TL;DR
A software engineer demonstrates running smaller AI models locally on a 24GB M4 MacBook Pro. While not comparable to state-of-the-art models, it offers a usable experience for basic tasks, reducing reliance on cloud services.
A software engineer has demonstrated that it is possible to run certain smaller AI models locally on a 24GB M4 MacBook Pro, enabling basic tasks without internet access.The engineer experimented with various models and setup options, ultimately achieving a workable configuration with Qwen 3.5 9B (Q4) running on LM Studio. This model can perform tasks such as code suggestions and research, but it does not match the capabilities of larger, state-of-the-art models. The setup involves complex configuration, including model selection, inference settings, and enabling features like ‘thinking’ mode. Performance is limited to approximately 40 tokens per second, and the model sometimes gets distracted or loops. Despite these limitations, the setup allows users to reduce dependence on cloud-based AI services and operate offline, which is especially relevant for privacy-conscious users or those with limited internet bandwidth.
Why It Matters
This development shows that accessible hardware like a 24GB M4 MacBook Pro can handle smaller AI models effectively, opening possibilities for offline AI use, privacy preservation, and reduced reliance on large cloud providers. While not replacing high-end AI, it democratizes basic AI tasks for more users, especially developers and researchers, and highlights the growing viability of local AI deployment.
MacBook Pro 24GB RAM external GPU
As an affiliate, we earn on qualifying purchases.
As an affiliate, we earn on qualifying purchases.
Background
Recent advances in AI model compression and optimization have made it feasible to run smaller models locally. Previous efforts focused on cloud-based solutions; however, hardware improvements and software tools now enable more capable local inference. The experiment aligns with ongoing trends toward edge AI and privacy-focused computing. The engineer’s setup builds on existing open-source tools like llama.cpp, LM Studio, and Pi, which facilitate local model deployment. Prior to this, most users relied on remote cloud services for AI tasks, with local options limited to very small models or requiring specialized hardware.

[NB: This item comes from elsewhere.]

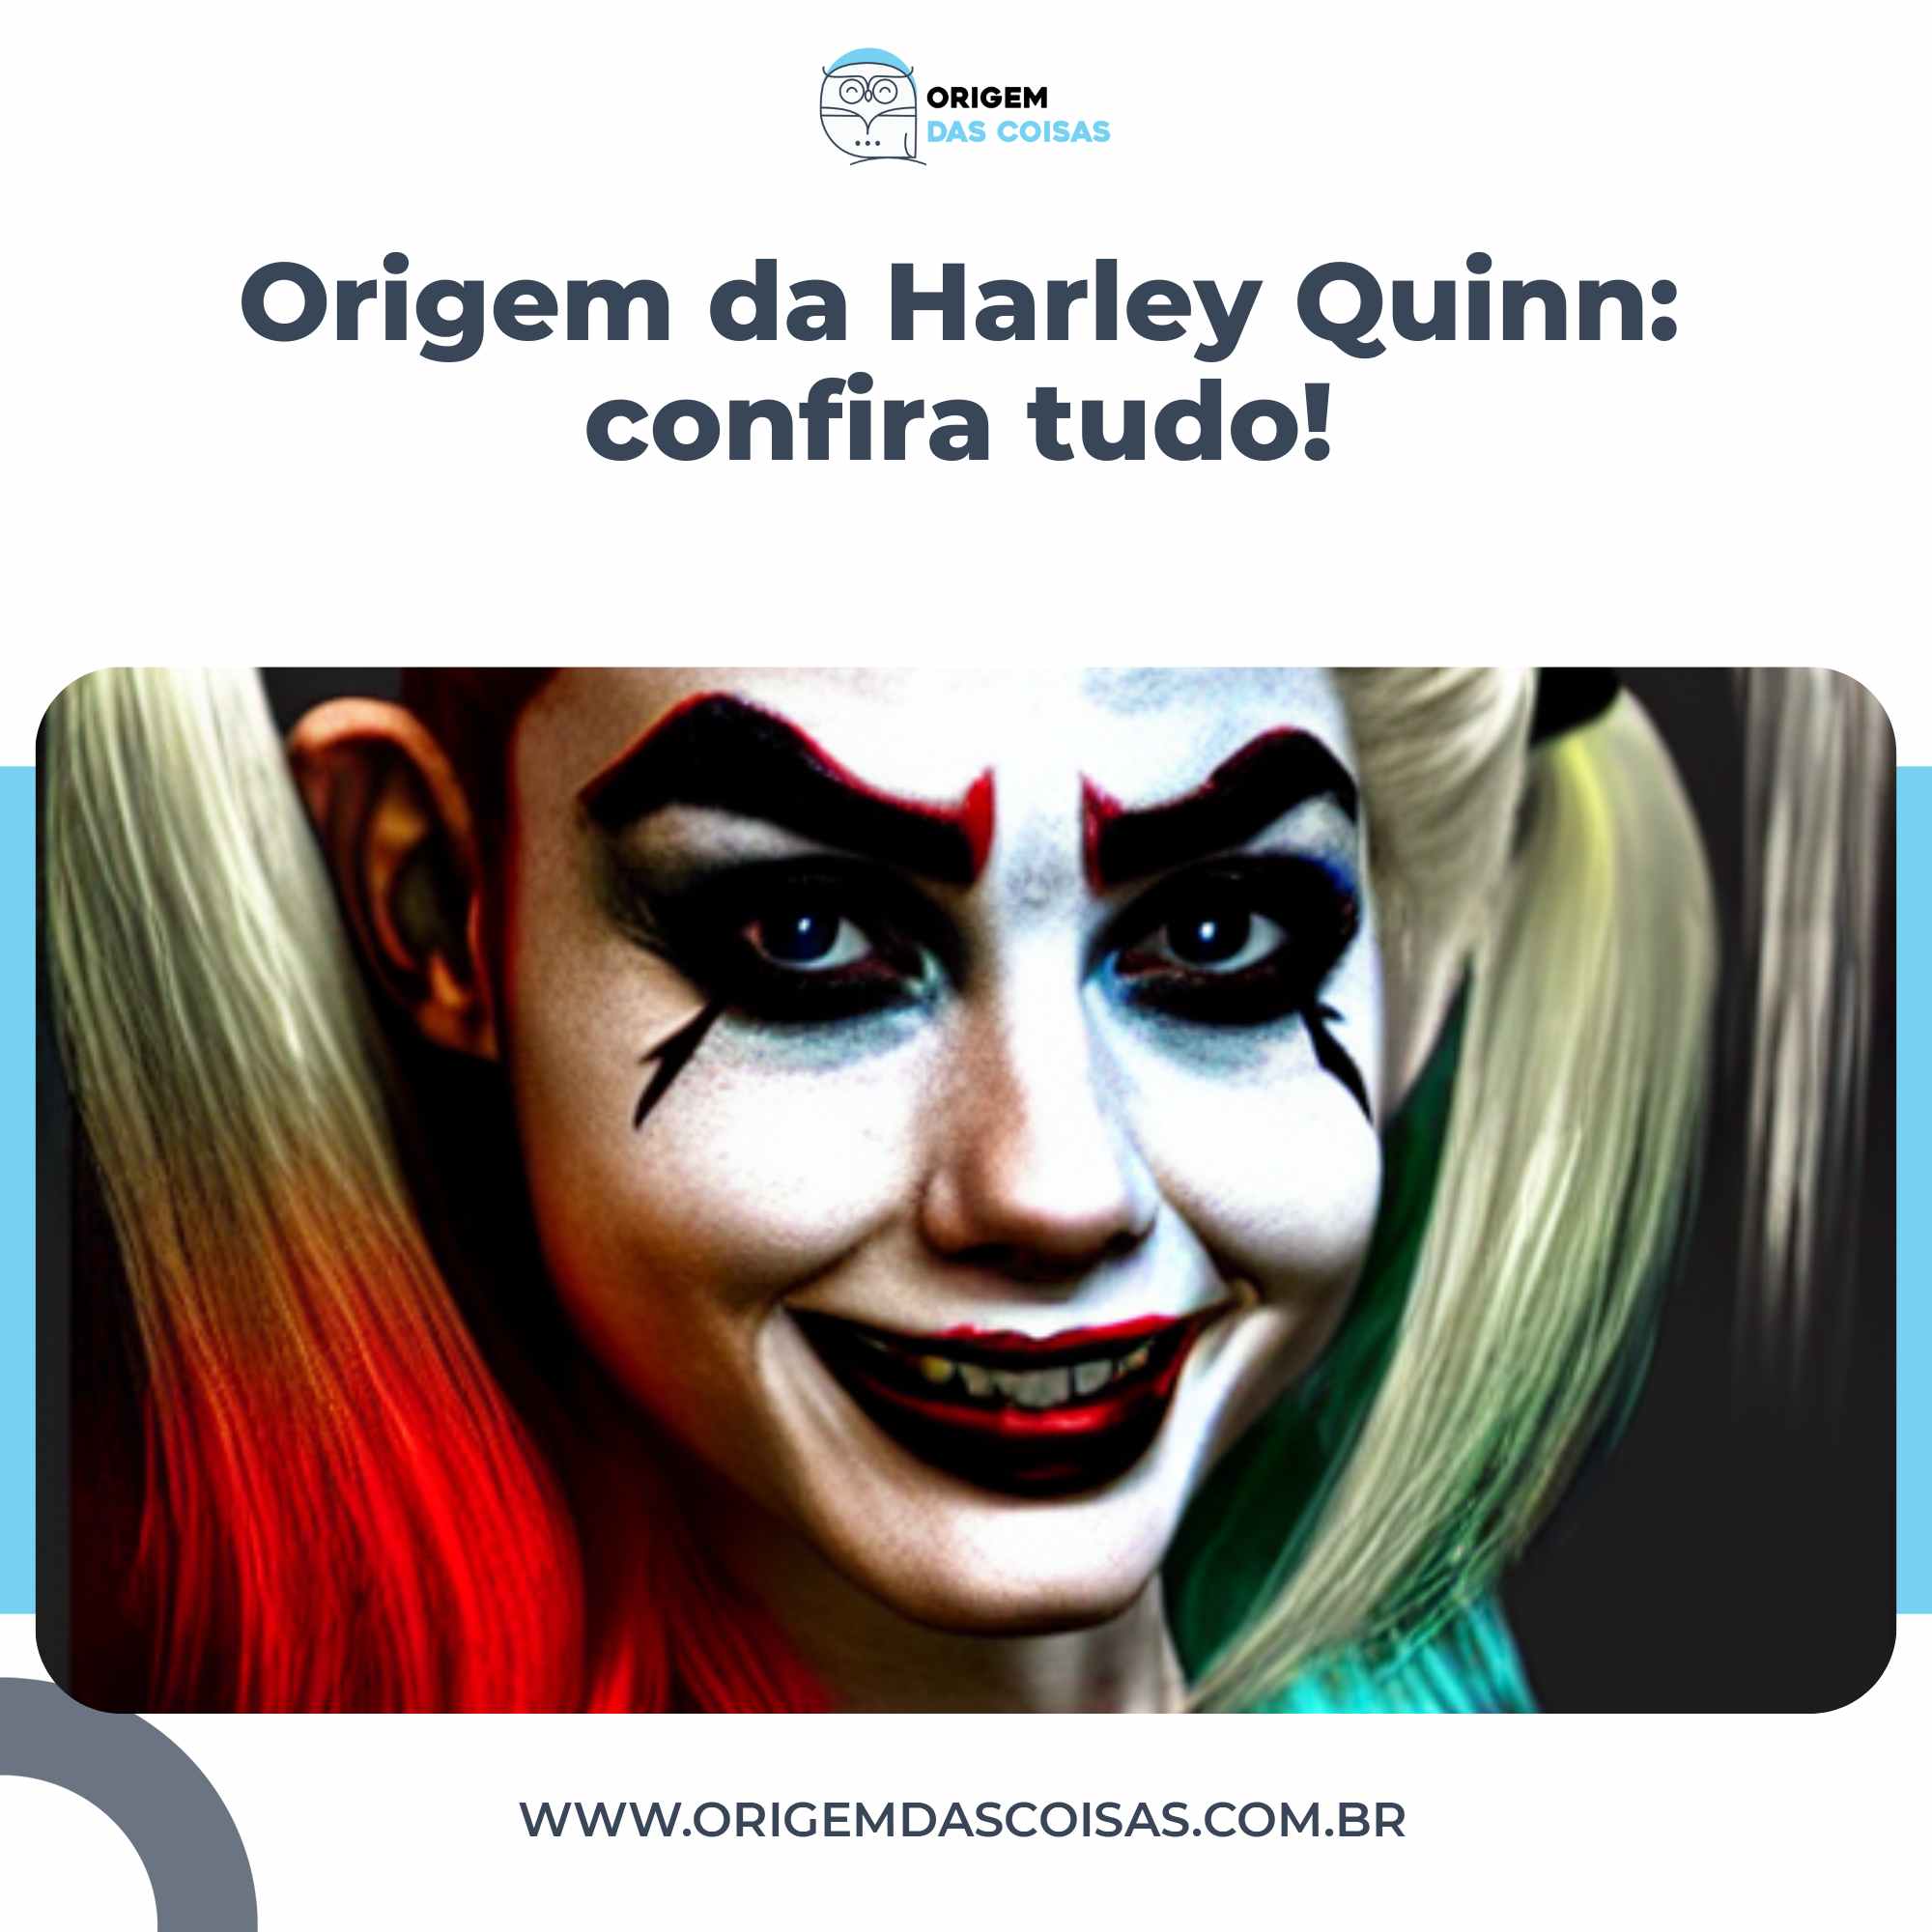 Origem da Harley Quinn confira tudo!

“It’s surprisingly good for something that can run on a 24GB MacBook Pro while leaving space for other applications.”
— Johanna Larsson, Software Engineer
“While it’s not as powerful as SOTA models, it encourages a more engaged workflow and reduces dependency on big tech cloud services.”
— Johanna Larsson
local AI model deployment software
As an affiliate, we earn on qualifying purchases.
As an affiliate, we earn on qualifying purchases.
What Remains Unclear
It is not yet clear how well this setup will scale with different models or tasks, or how it performs over extended use. The performance and stability may vary depending on hardware, configuration, and model choice, and further testing is needed to establish broader applicability.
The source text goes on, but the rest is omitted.